今回は”食”について
ちょっと偉そうに書いてしまったが、この工夫することを覚えるとどんなシーンでも楽しめる。
で、今回は“食”“住”“游”の“食”についてちょっと・・・僕はドイツ系の親父と日本人の母親から3人兄弟の次男として生れた。まぁ、このことは前回に書かせてもらったので省かせてもらう。僕が子供のころは“男子厨房に近づかず”の雰囲気が世間に流れ、料理人でもない男が厨房に立つなんてことがない時代だった。
しかし、親父は休みの時は必ず家族に料理をふるまってくれた。料理に対しての意識は、親父の影響は少なからず受けているだろう。
モデルという仕事に就いた最初の2年近くは仕事もなく、アルバイトをしながらの貧乏生活。実家暮らしとはいえ食事は自分でやらなければいけない。親父がやっていたことを見よう見まねで作っていた。パスタやシチュー、なんかわけのわからない炒め物・・・おいしいものもたまにはあったが、一口で箸をおいてしまうものなど、まぁ、数多くの失敗を繰り返したものだ。この失敗が、アウトドアでの料理に生かされているのは間違いない。
初めてキャンプに行ったのは今から25年以上前になる。モデル時代の先輩に連れて行ってもらった。もちろん初めてだから設営を含め何もできることはない。指をくわえて見ているだけだった。
夕食の時間になり、ツーバーナーをつけることもできない僕は相変わらずイスに座ったまま黙って眺めている。
先輩が作ってくれたのは、メキシコ料理のフルコース。最初にガッカモーレとサルサソース、それにチップスが出てきた。シャンパンを開けこれを楽しむ。
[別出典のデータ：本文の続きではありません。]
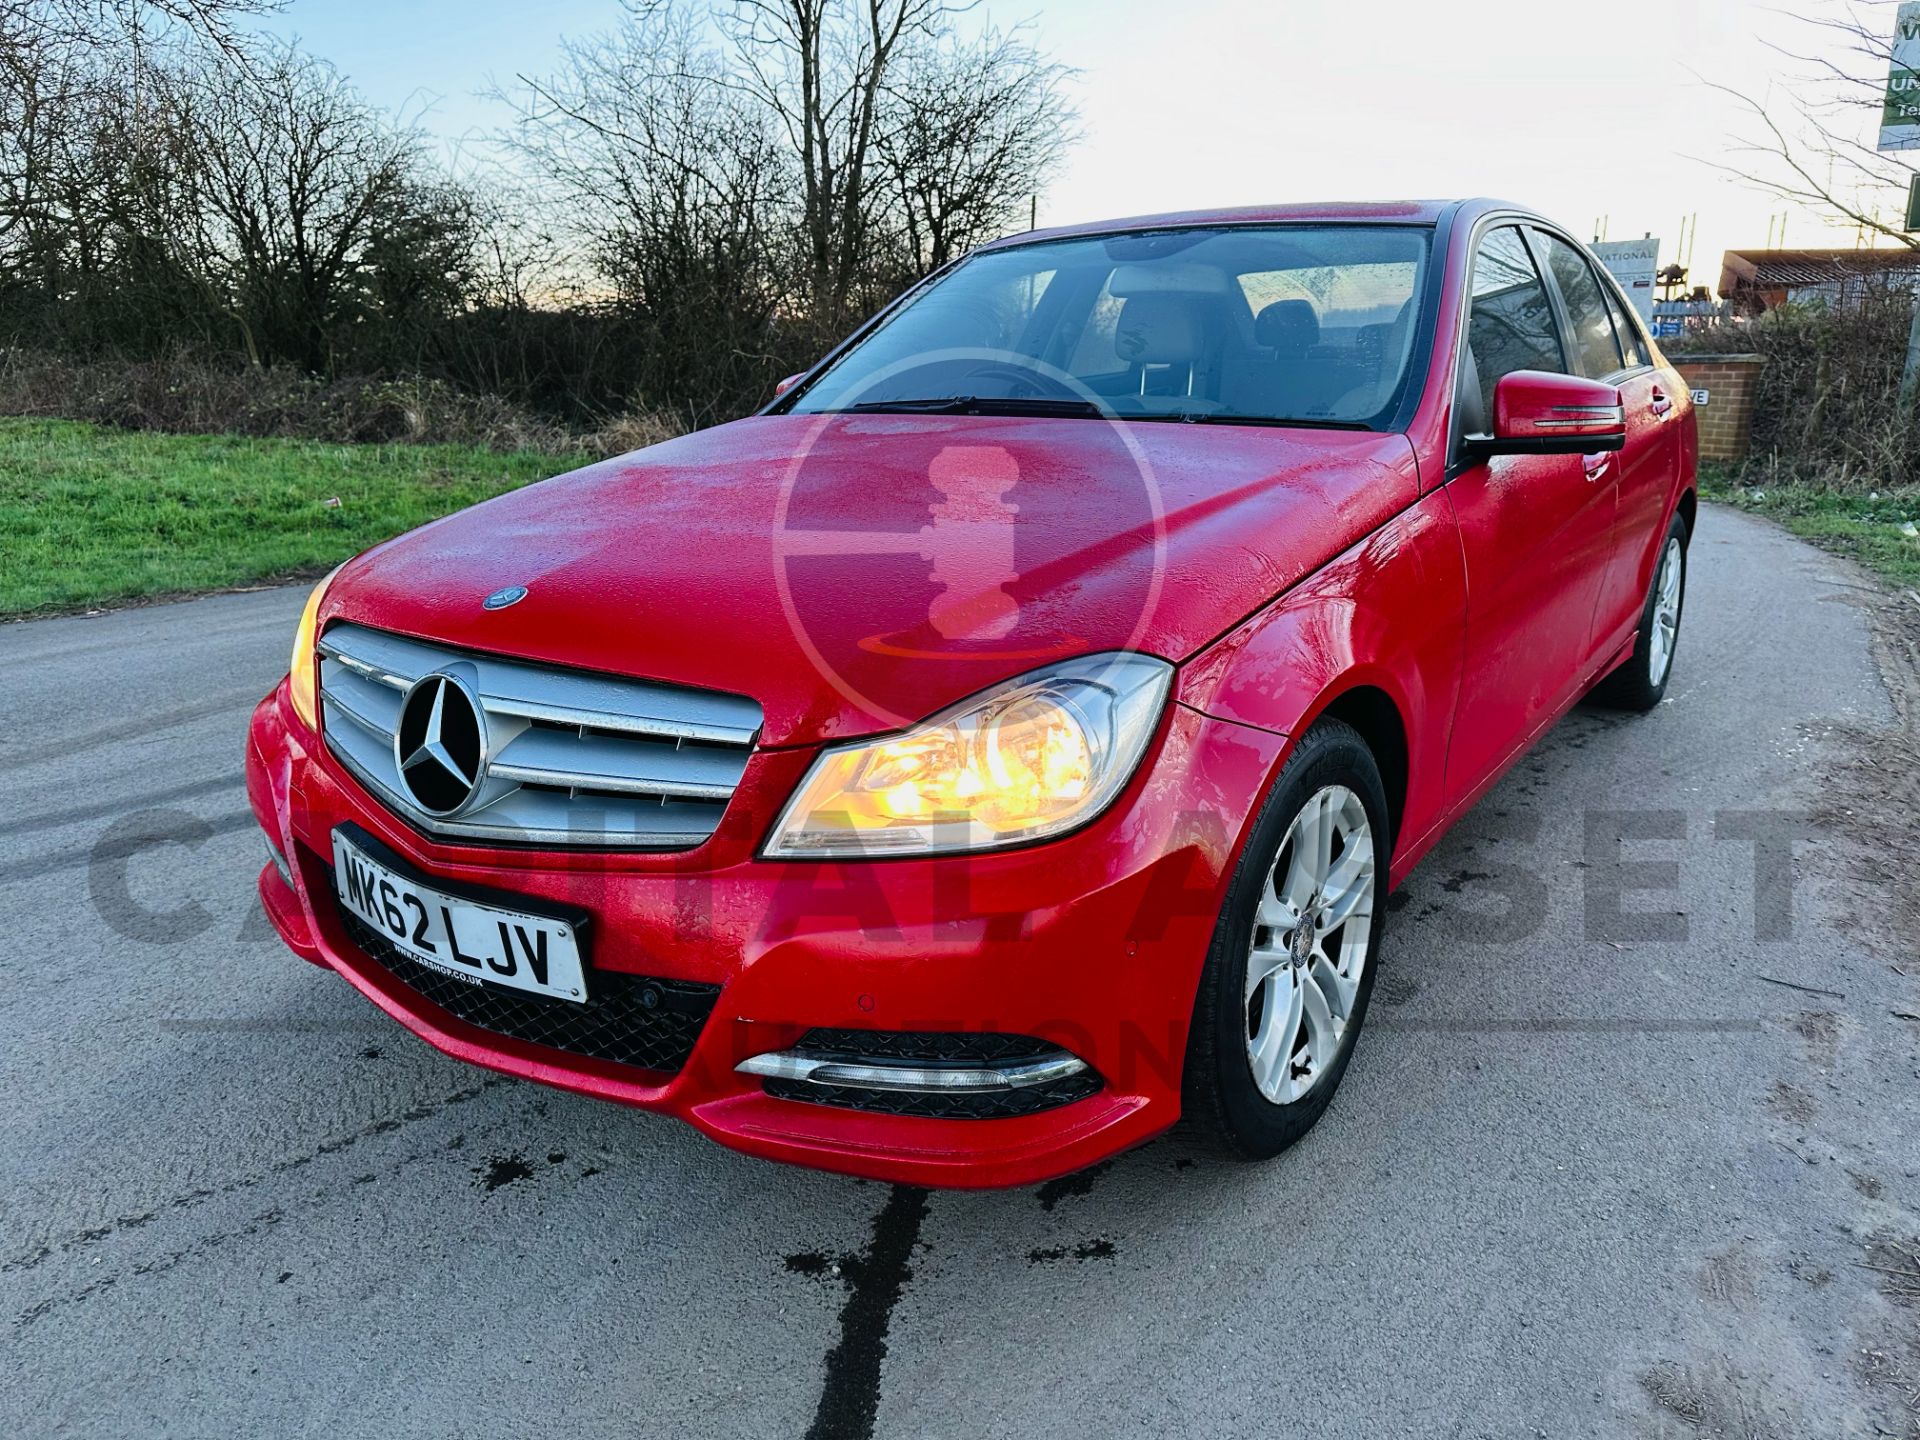 (ON SALE) MERCEDES-BENZ C220 2.1Cdi BLUE EFFICIENCY STOP/START FULL LEATHER INTERIOR NO VAT - Image 4 of 32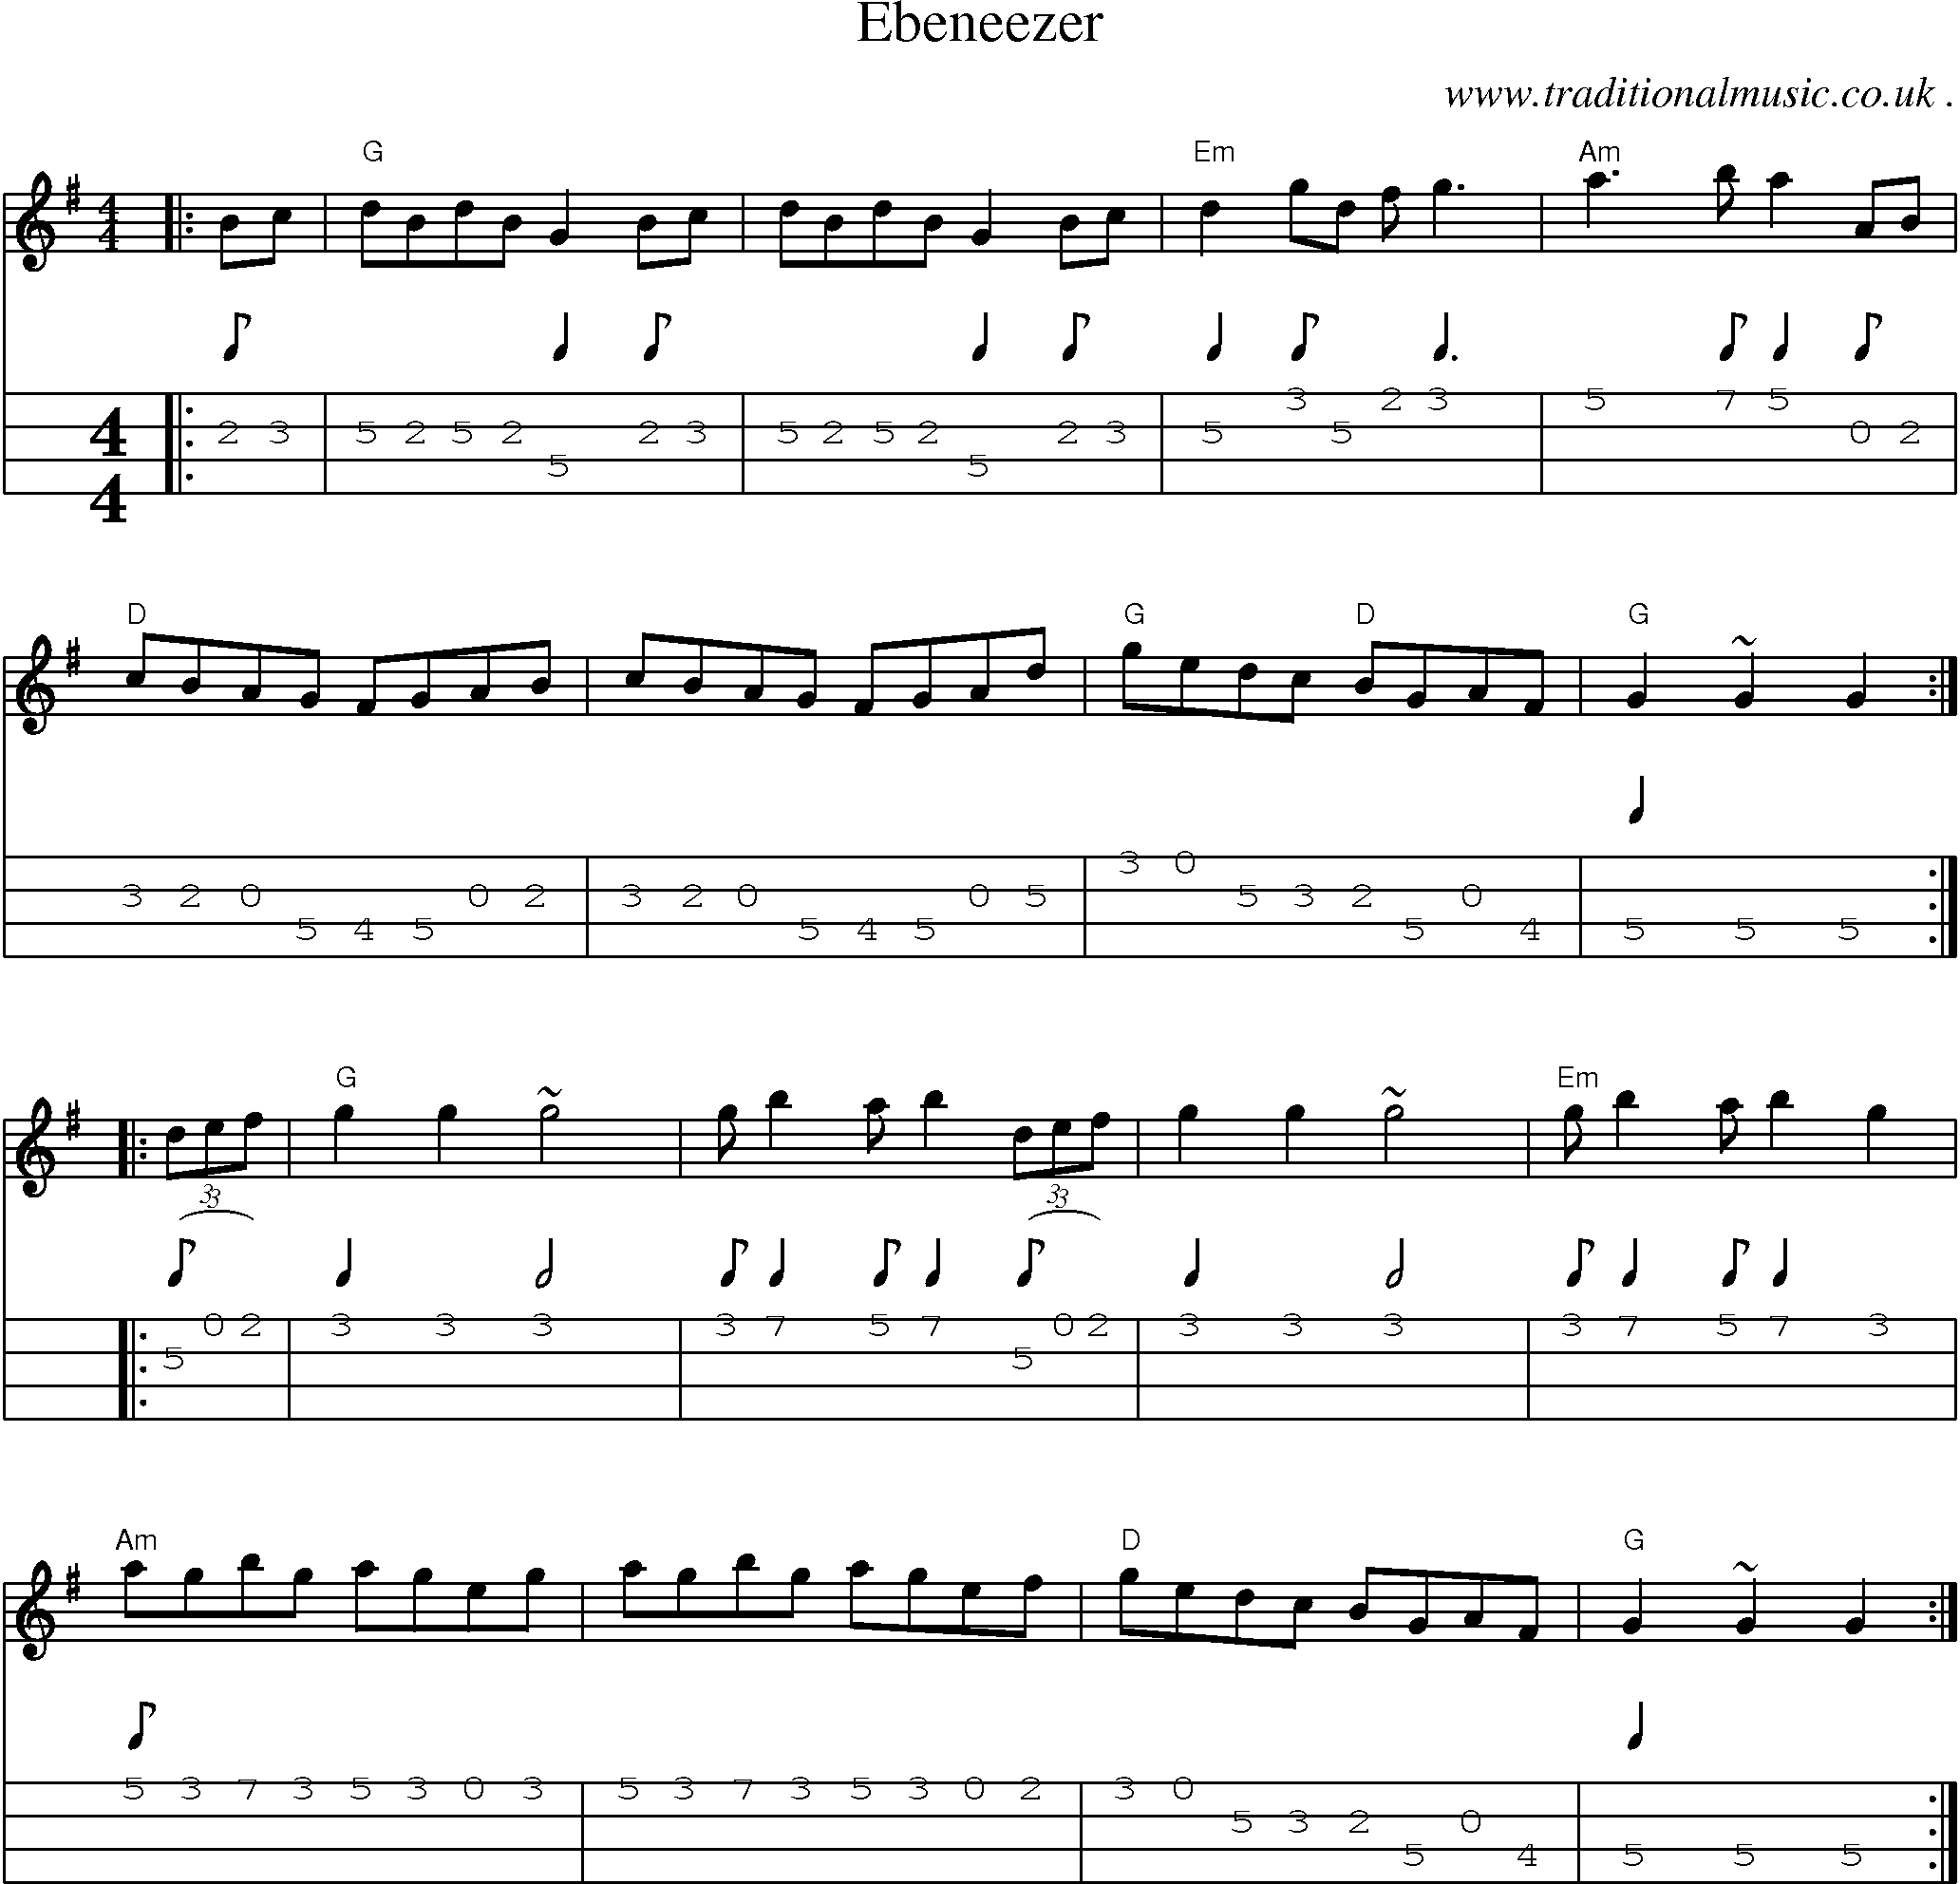 Music Score and Guitar Tabs for Ebeneezer

その後にビーフ、ポーク、ソーセージを炒めたものにレタス、トマト、チーズ。温められたフラワートルティーヤ。そう、それは本格メキシカンレストランで食べるようなタコスだった。
お酒はシャンパンから白ワイン、そしてテキーラに代わる。太陽が西に傾き、ランタンに灯がともった。ゴォーっという何とも言えない音がキャンプサイトに響き渡る。楽しい会話、おいしい食事、うまい酒。もう、たまらない。
こんなアペを楽しんでいる間にツーバーナーの上の鍋ではおいしいシチューが煮込まれている。これぞ完璧なる演出。最後のメインディッシュは今では僕の得意料理にもなっているチキンのトマト煮メキシコ風のチラキレス。うまい。本当にうまかったのである。このメインディッシュを楽しむときにはお酒は赤ワインに。
まさにアウトドアでメキシコ料理のフルコースを楽しんだのである。食後は焚火を楽しみながら夜がふけるまで会話とお酒を楽しんだ。まさに僕がアウトドアにはまった瞬間だった。そしてこのアウトドアでの食事が、僕のキャンプでの料理に大きな影響を与えたのである。